IDS’s portfolio and expertise will seamlessly integrate within EUROIMMUN, a PerkinElmer company since 2017. EUROIMMUN is a global leader in autoimmune testing and an emerging force in infectious disease, allergy and molecular genetic testing.

Wolfgang Schlumberger, CEO of EUROIMMUN, remarked, "This proposed transaction is highly valuable for both parties as the respective product lines are to a large extent complementary. The cooperation of our global distribution channels, the expansion of the immunoassay portfolio in closely related indication fields and IDS’s fully automated random access chemiluminescence platform strengthens our presence in immunodiagnostics. Our customers will benefit from a broader range of assays and laboratory diagnostic workflows. We are excited about these new opportunities and we look forward to welcoming Immunodiagnostic Systems into the PerkinElmer family following the completion of the transaction."

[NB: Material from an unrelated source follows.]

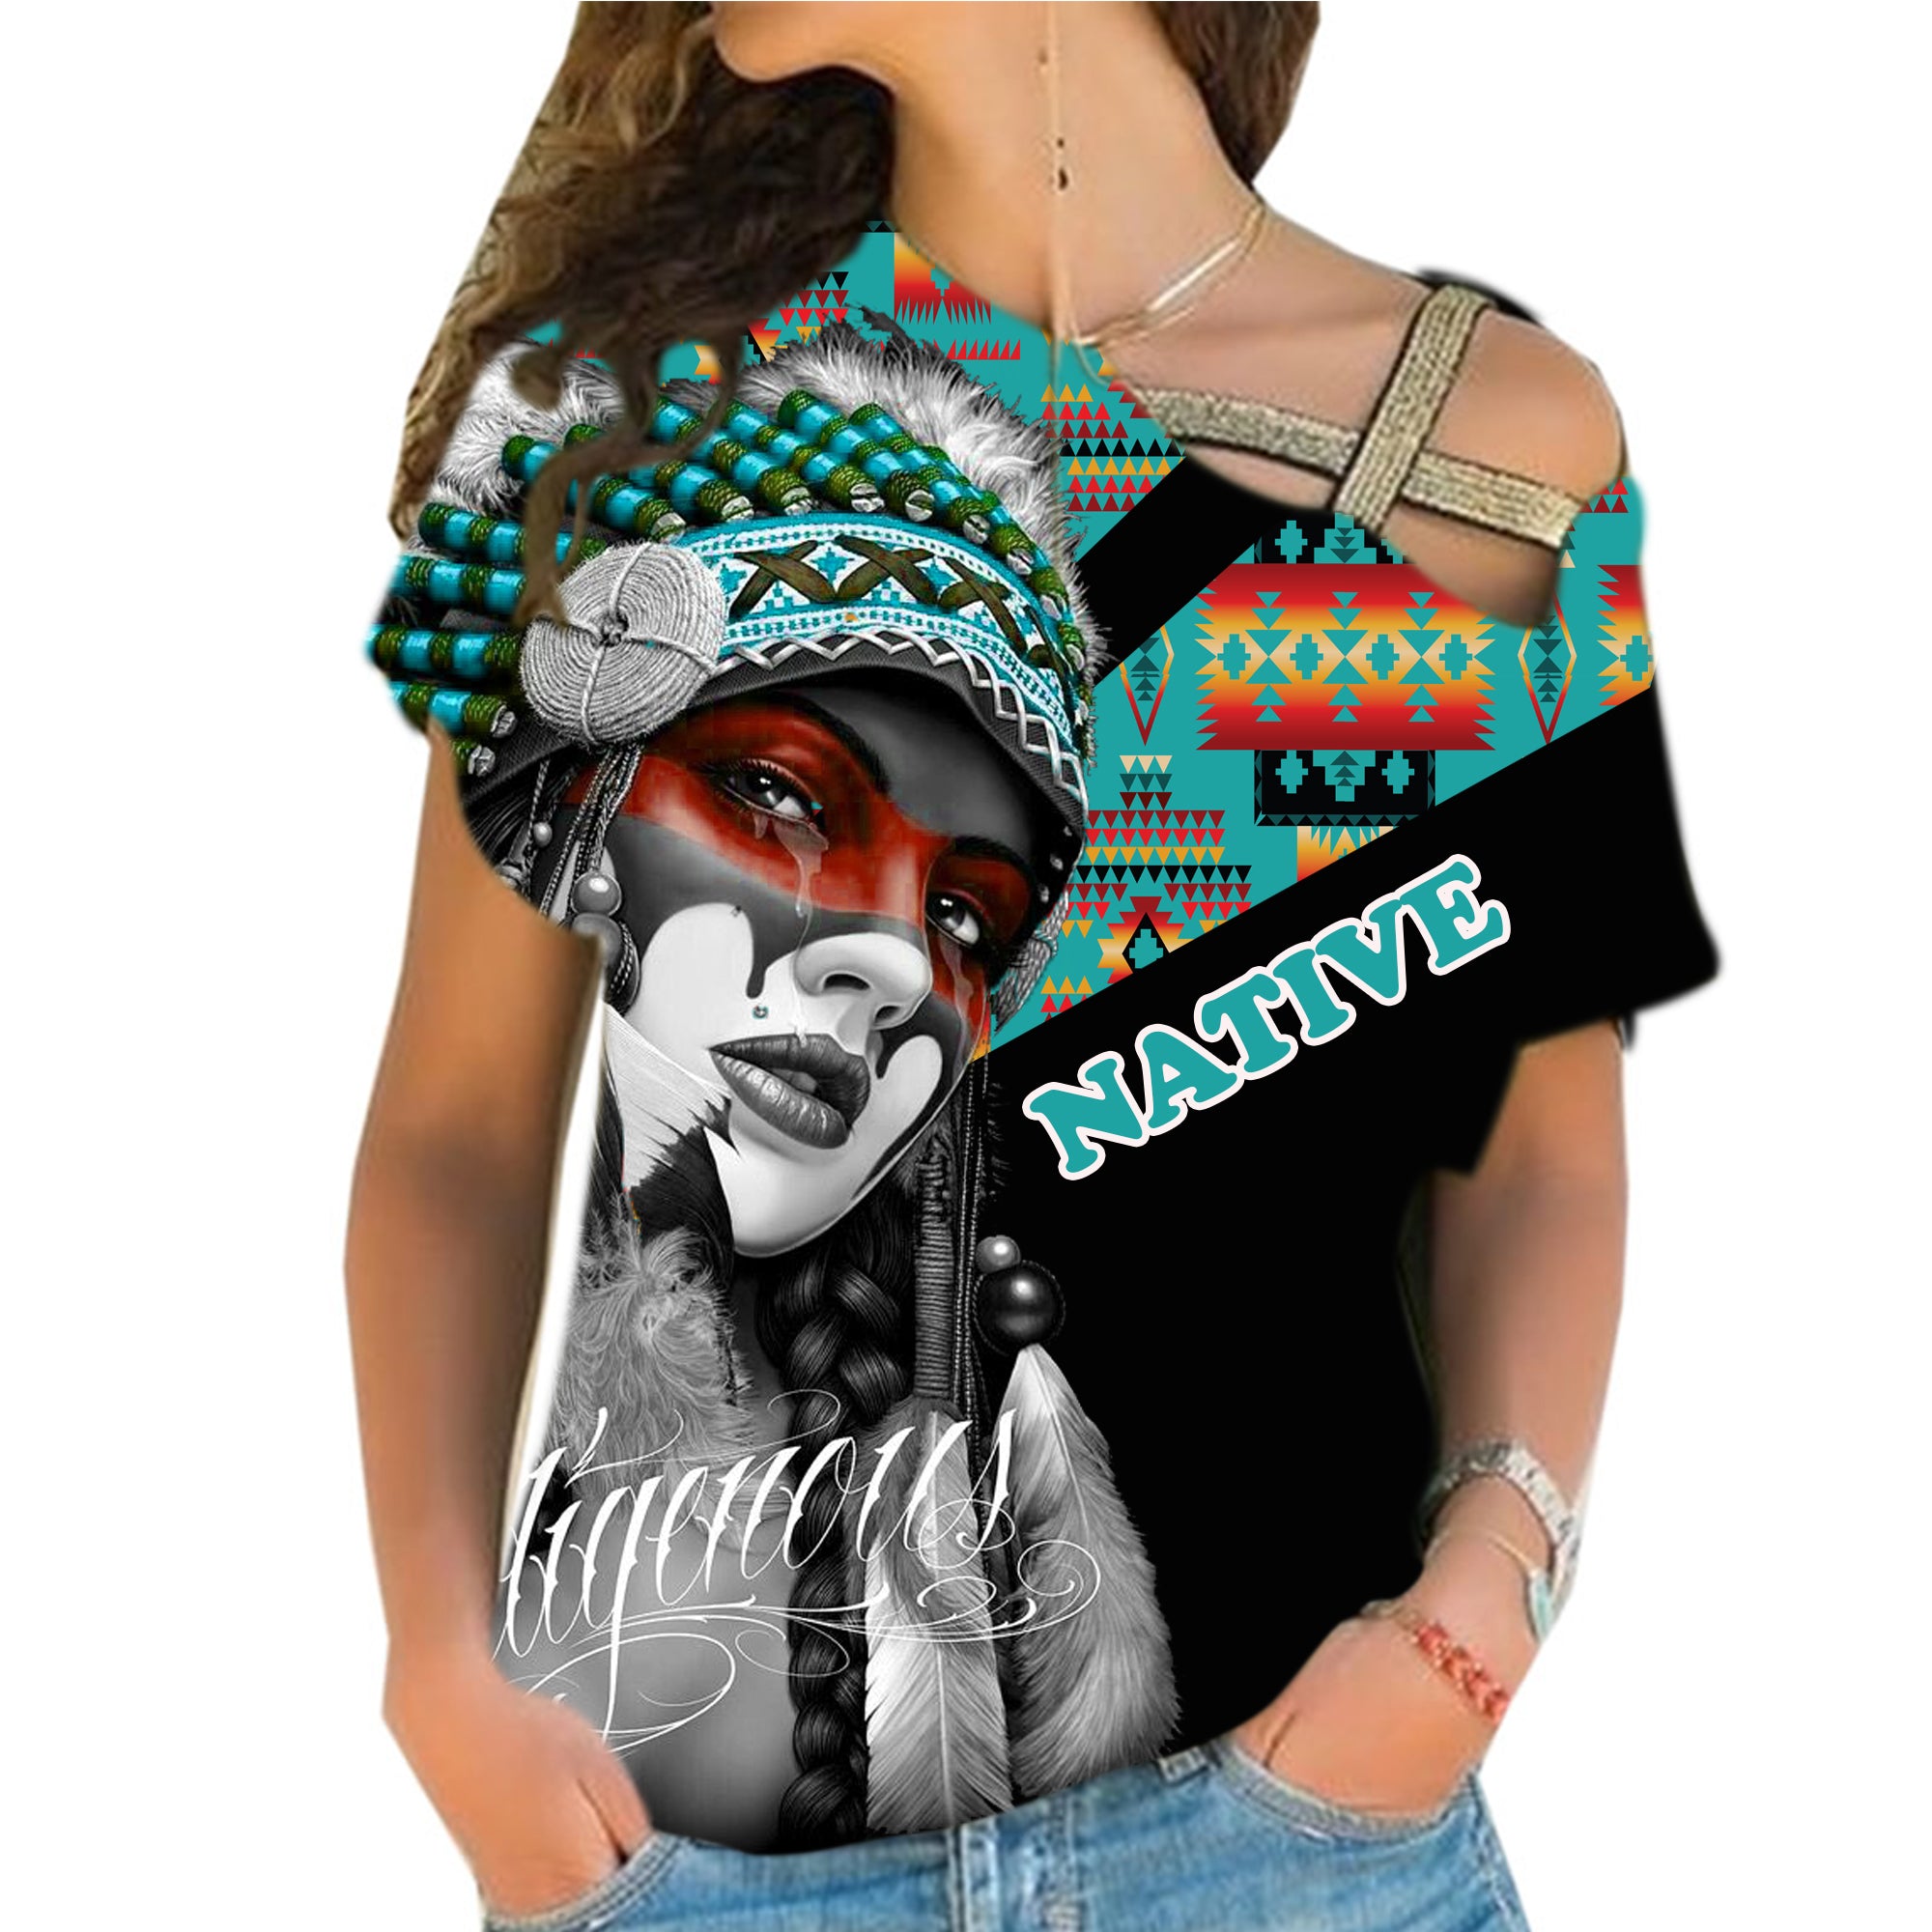 Powwow StoreCRS0001237 Native American Cross Shoulder Shirt

Headquartered in Boldon, the United Kingdom, IDS is a leading in-vitro diagnostic solution provider to the clinical laboratory market. IDS develops, manufactures, and markets innovative immunoassays and automated immunoanalyzer technologies to provide improved diagnostic outcomes for patients. IDS’s immunoassay portfolio is a combination of an endocrinology specialty testing menu and assay panels in complementary fields. IDS has approximately 300 global employees.

PerkinElmer’s comprehensive global diagnostics portfolio includes solutions focused on: reproductive health; autoimmune, infectious disease and allergy testing; gene analyses; and genomics offerings for oncology and other molecular tests through its wide range of instruments, reagents, assay platforms and software offerings.

In terms of financial impact, PerkinElmer expects the acquisition to be modestly accretive to non-GAAP earnings in year-one following the close, and PerkinElmer forecasts IDS’s business to be attractively positioned in markets that are projected to grow at a compound annual growth rate of high-single digits over the next few years.